- Exercise requirements -
As you reproduce every line below, keep it exactly as written and leave out the images.

___ Recorded information ___

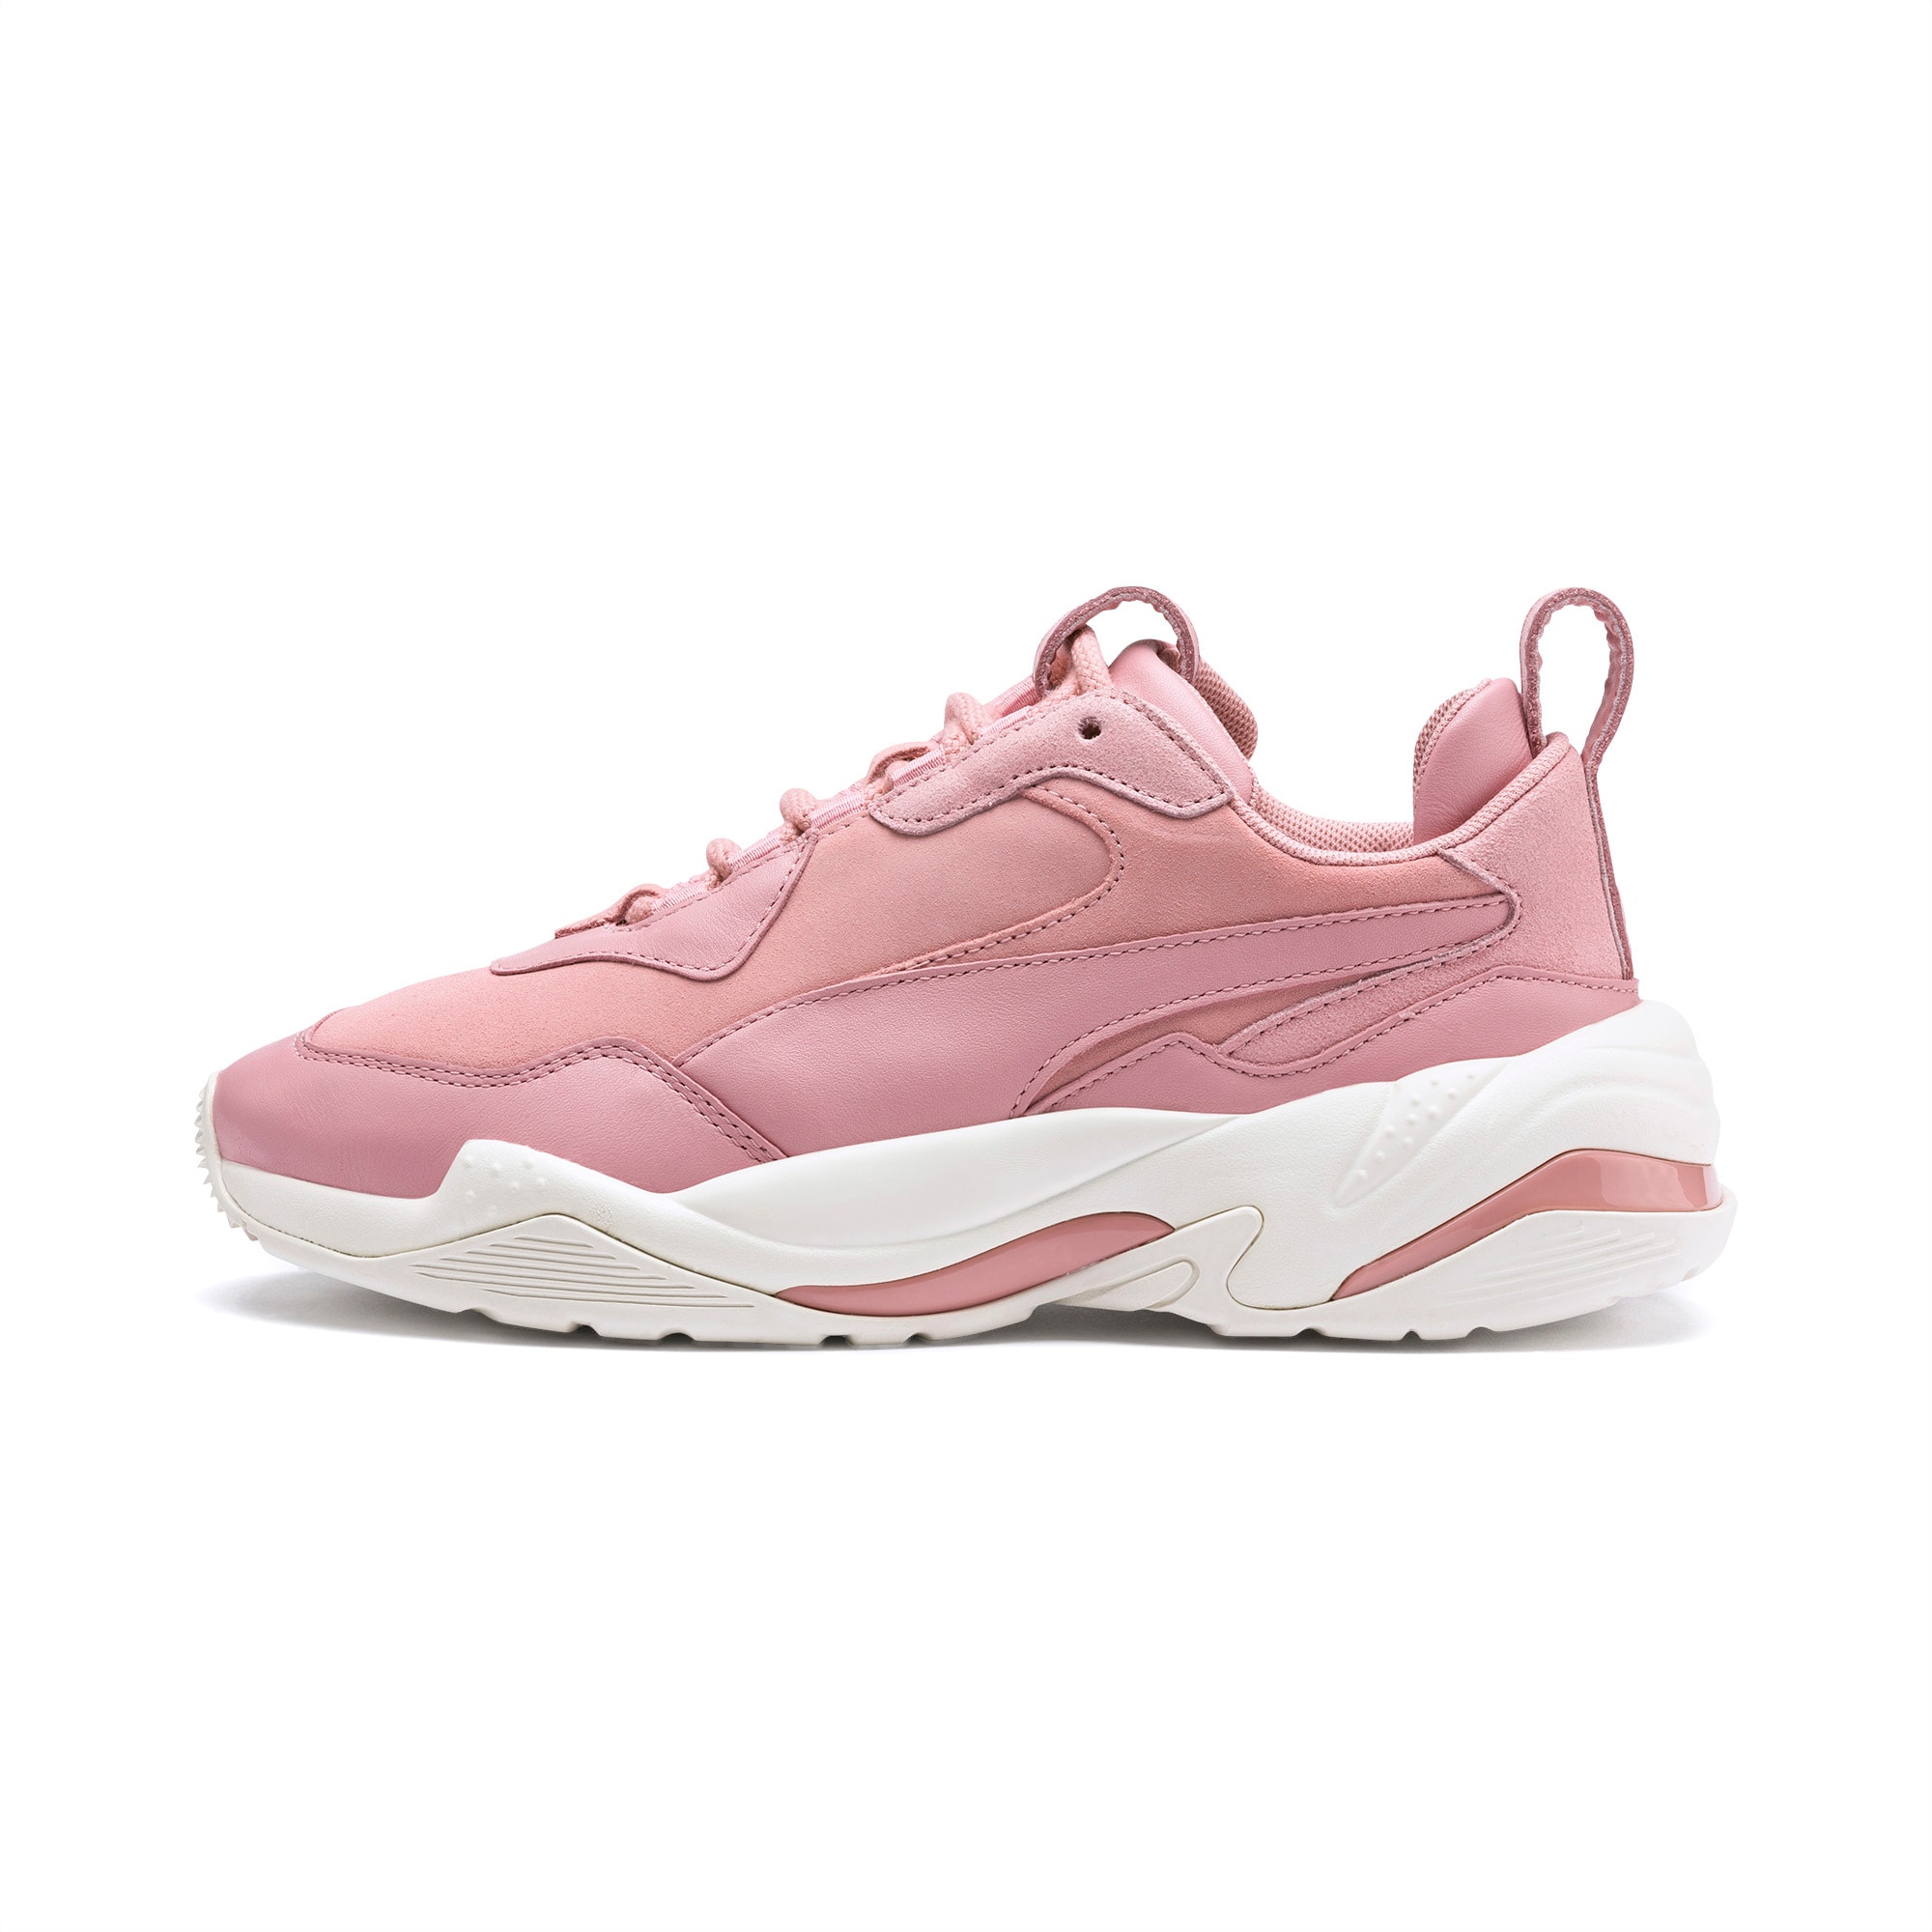 Thunder Fire Rose Women's Trainers 
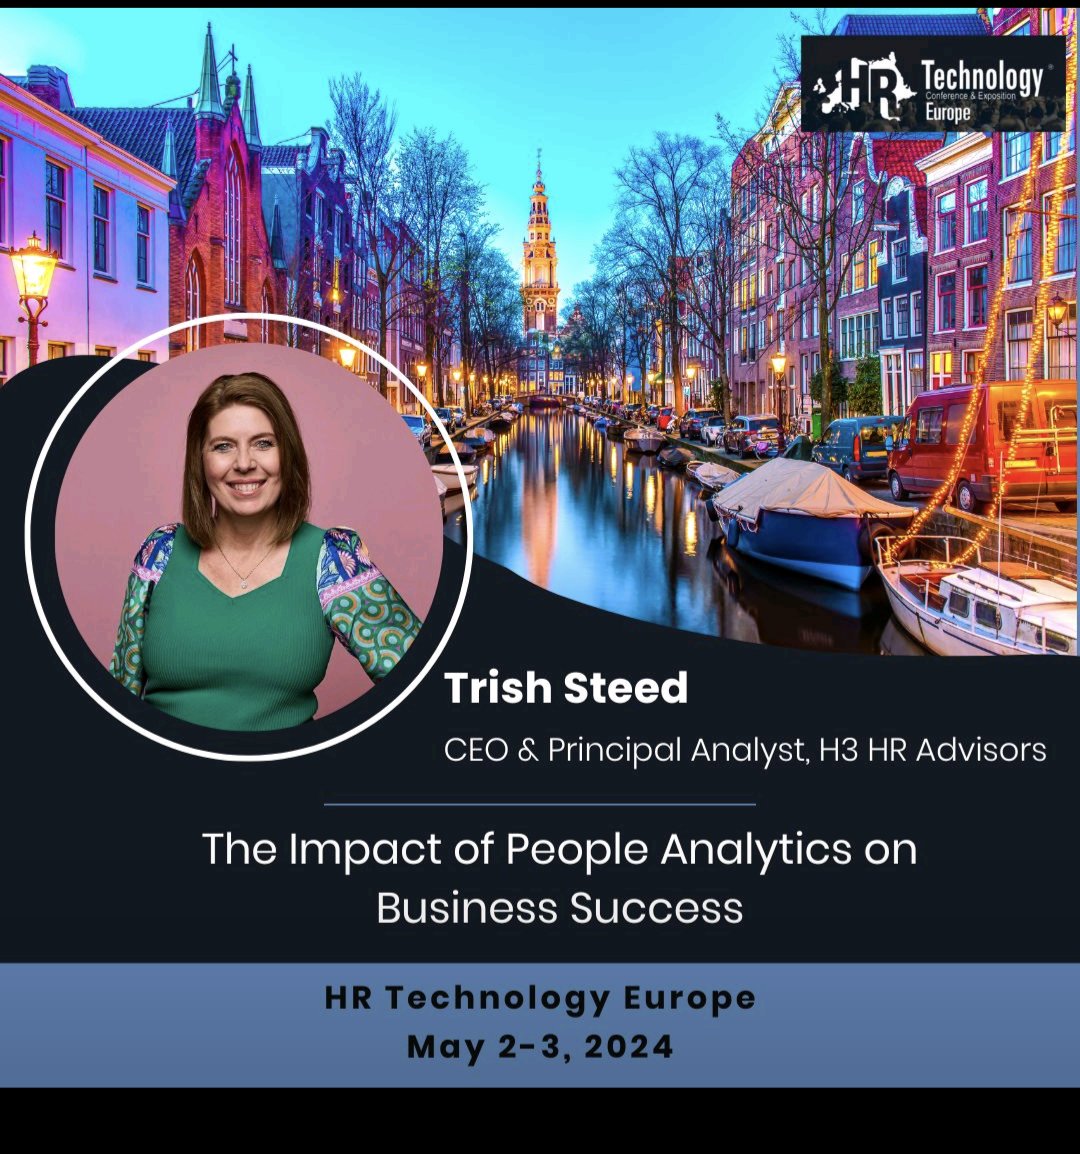 Join me in #Amsterdam May 2-3 for HR Tech Europe. We will talk abt #peopleanalytics & more! 
hrtechnologyeurope.com
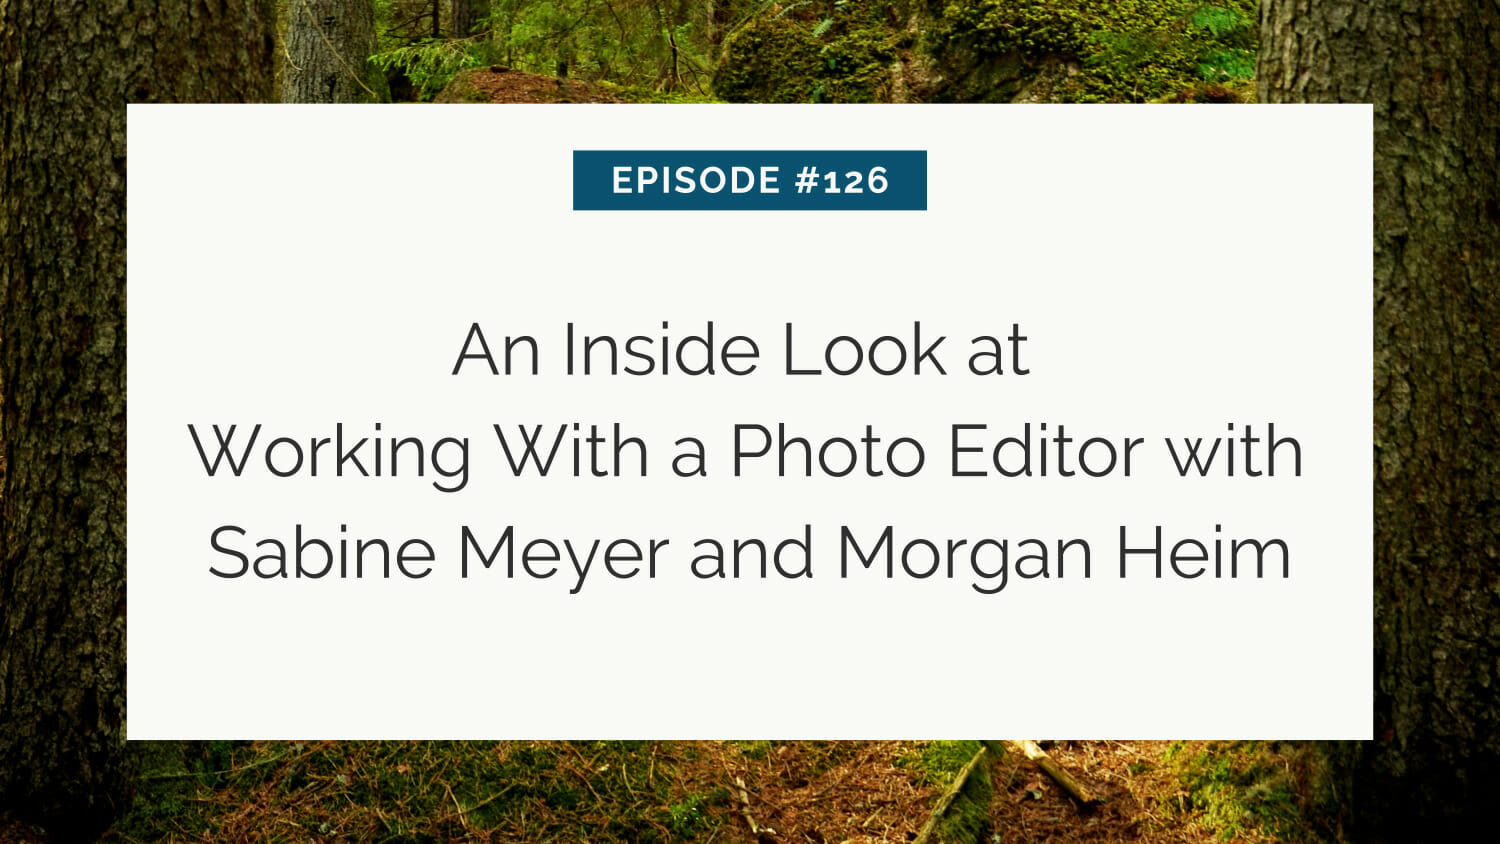 Title slide for a podcast episode #126 about working with a photo editor, featuring sabine meyer and morgan heim, set against a forest background.

___

- Answer section -
 Thunder Fire Rose Women's Trainers 
 Join me in #Amsterdam May 2-3 for HR Tech Europe. We will talk abt #peopleanalytics & more! 
hrtechnologyeurope.com
 Title slide for a podcast episode #126 about working with a photo editor, featuring sabine meyer and morgan heim, set against a forest background.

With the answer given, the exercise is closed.